This rule is the correct one, and I'm very much against changing it.
> [...] but some of Django's own template tags (e.g. `widthratio`) don't adhere to
> this policy.
These are bugs, and should be fixed.
> I'd like to see a move towards consistent exception handling in
> templates for template tags and filters. I'd like to see no exceptions
> silenced by default, but provide a way for template authors to
> conditionally silence exceptions in fragments of their templates.
> Perhaps with a block tag.
I'm against this, for a whole host of reasons — the crux of which
comes down to the philosophy that templates are *not* a programming
language, and introducing a try/except concept into them is about
seven steps too far.
The point of the template language is to give front end designers and
developers the space to explore without the persnicketiness a
so-called "real" programming language introduces. What you're asking
for here is to fundamentally change the philosophy of the template
language. If you disagree that fundamentally with the ideas behind the
template language I really think you'll be better off finding another
one than trying to swim upstream.
> Should built-in template tags follow the advice given in the docs, and
> never raise `TemplateSyntaxError` in their `render()` function?

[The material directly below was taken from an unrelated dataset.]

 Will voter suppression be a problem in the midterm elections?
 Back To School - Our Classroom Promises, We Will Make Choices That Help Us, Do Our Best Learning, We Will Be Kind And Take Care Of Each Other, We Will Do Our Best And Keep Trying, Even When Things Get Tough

Yes; the two instances you mentioned are bugs and should be fixed.
Jacob
I agree with what you propose but AFAIK it's not easy to solve without
doing frame analysis (I'd say that feature is not worth doing such
hacks). That's because of the way `hasattr` is implemented:
def hasattr(obj, attr):
try:
getattr(obj, attr)
return True
except AttributeError:
return False
This code directly mirrors the code found in CPython and implies that
/hasattr "executes" properties/.
So there's no way to figure out whether an attribute exists without
executing the code of properties.
Jonas
--
Django + MongoDB: http://django-mongodb.org
Secondly, there is the inconsistent behaviour between production and
development environments related to the `TEMPLATE_DEBUG` setting. I
think that if an exception is intentionally silenced in production, it
should also be intentionally silenced with `TEMPLATE_DEBUG = True`, to
allow for consistent behaviour during development.